Vehicle Pose Estimation from an Image Using Geometry

Overview

3D pose estimation is a quite fascinating problem in the computer vision field, which aims to get the 3D orientation of the object based on the 2D image and can be challenging to find the solution. These solutions are mostly used in the autonomous industry to properly detect cars orientation on street scenes.

The car industry is mostly focused on autonomous driving problems, and most of the publicly available datasets contain information only about one axis rotation. Usually, this is around the Y-axis (yaw angle), while the X-axis (roll angle) and Z-axis (pitch angle) are not considered at all or are always equal to zero. This approximation is sufficient to solve autonomous driving problems, but there are other fields of the car industry that require more than one axis orientation, one interesting example being parking occupancy. For parking occupancy, cameras that should detect cars and lines that represent the parking can be placed into different heights, or even from a birds-eye perspective, and all of those require all three dimensions of orientation to be known.

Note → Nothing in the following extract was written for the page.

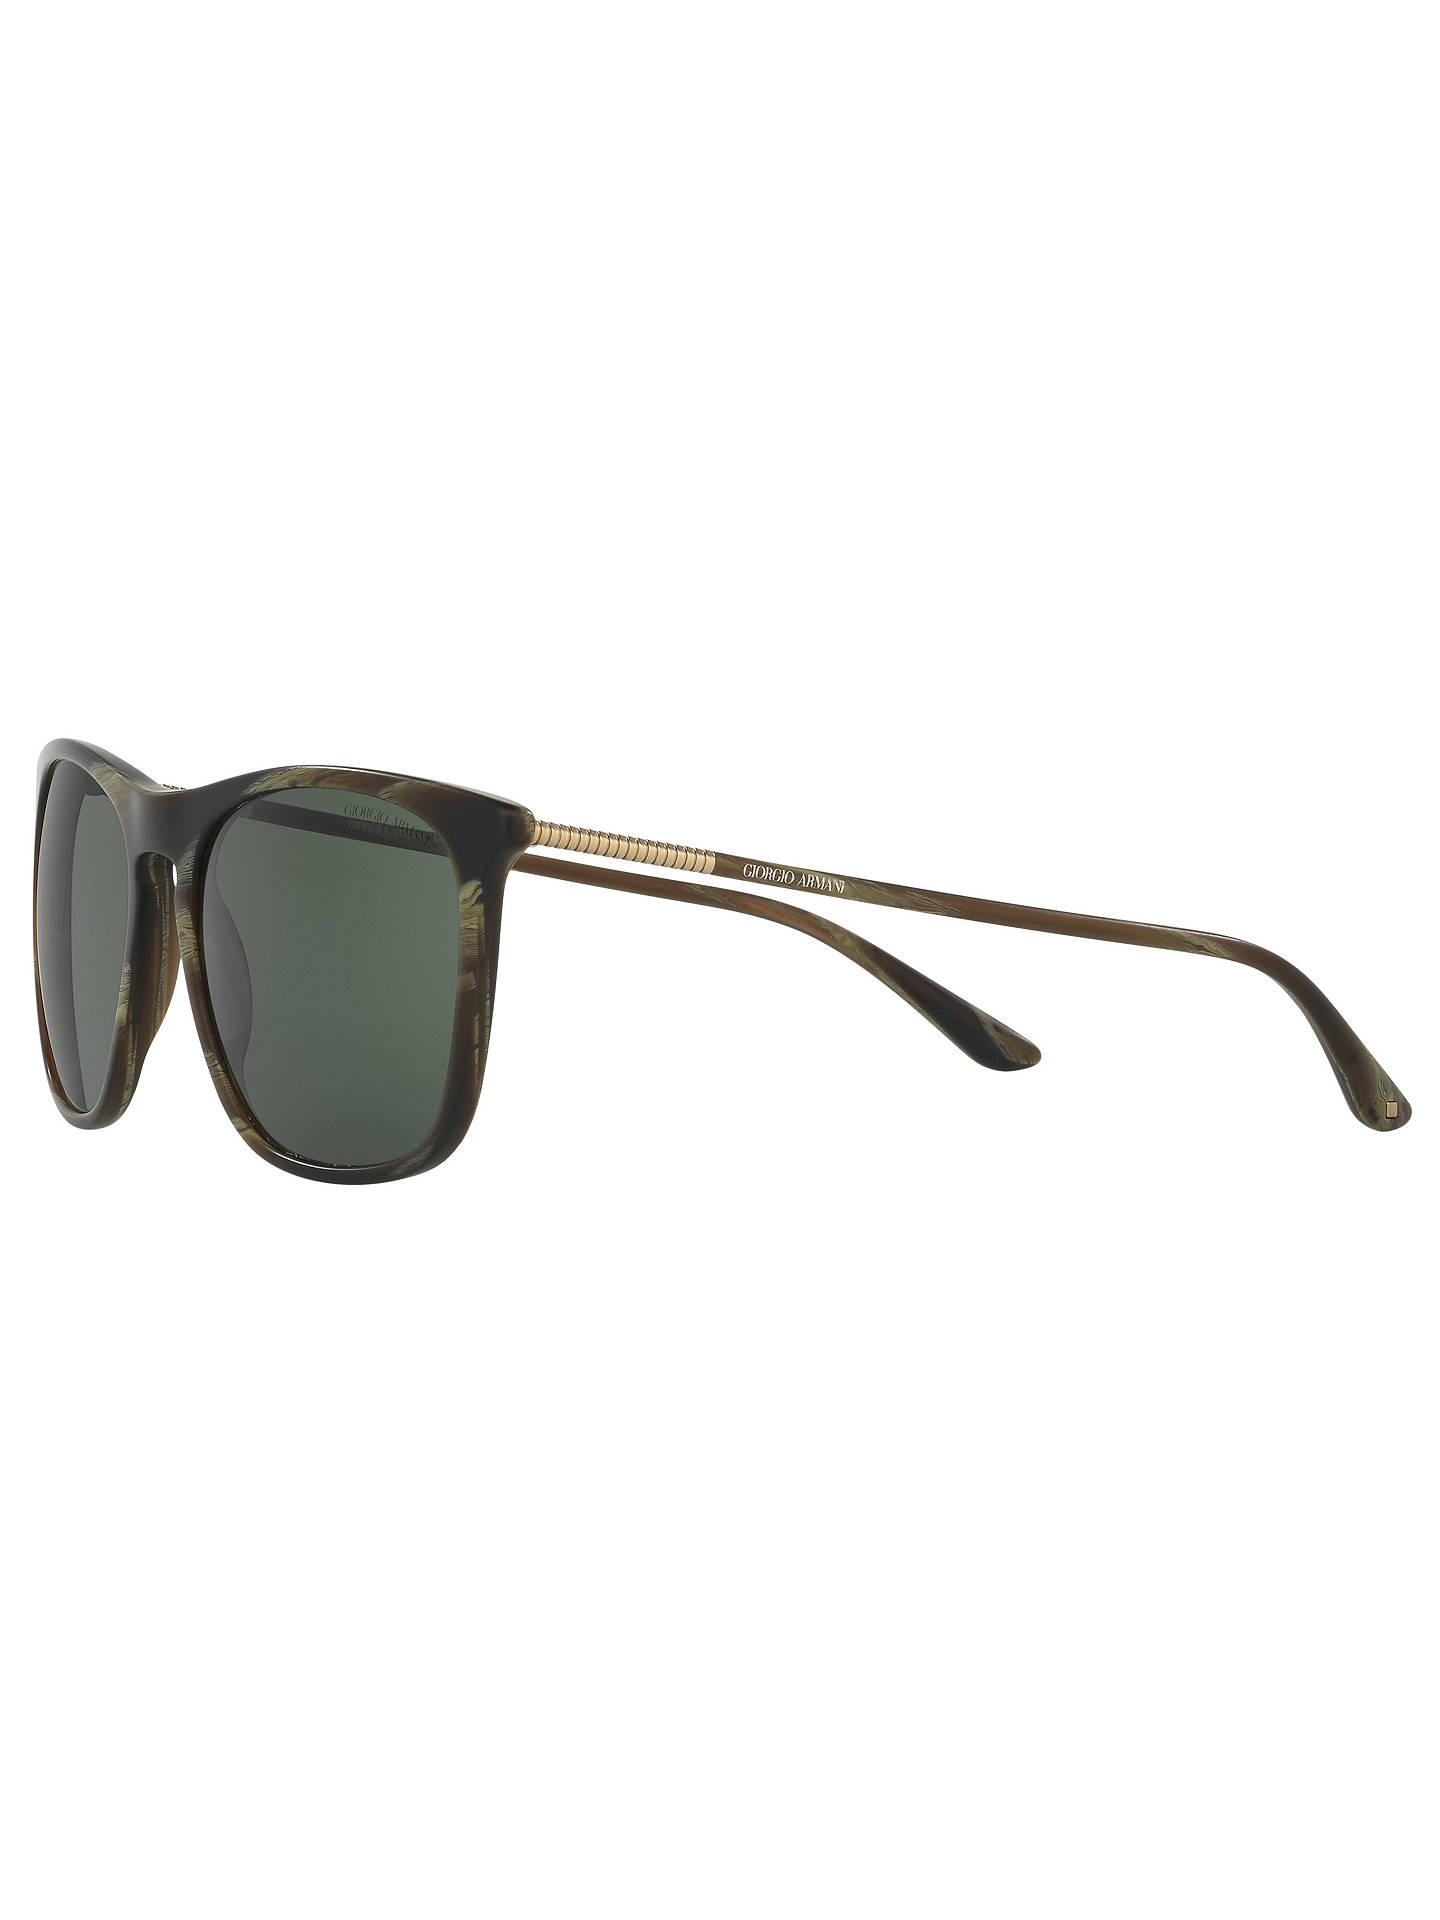 64a4856b5c8 ... Buy Giorgio Armani AR8076 Frames of Life Square Sunglasses

That being said, there is a need for an analytical solution that will represent the full 3D orientation of the object, concretely a vehicle.

Solution

Our proposal uses Euler angle representation and two coordinate systems (one from the camera and one from the detected object) to define angle orientation for each axis in 3D space.

Our pose estimation neural network understands an object (vehicle) dimension and orientation in the 3-dimensional space (vector space) from an image.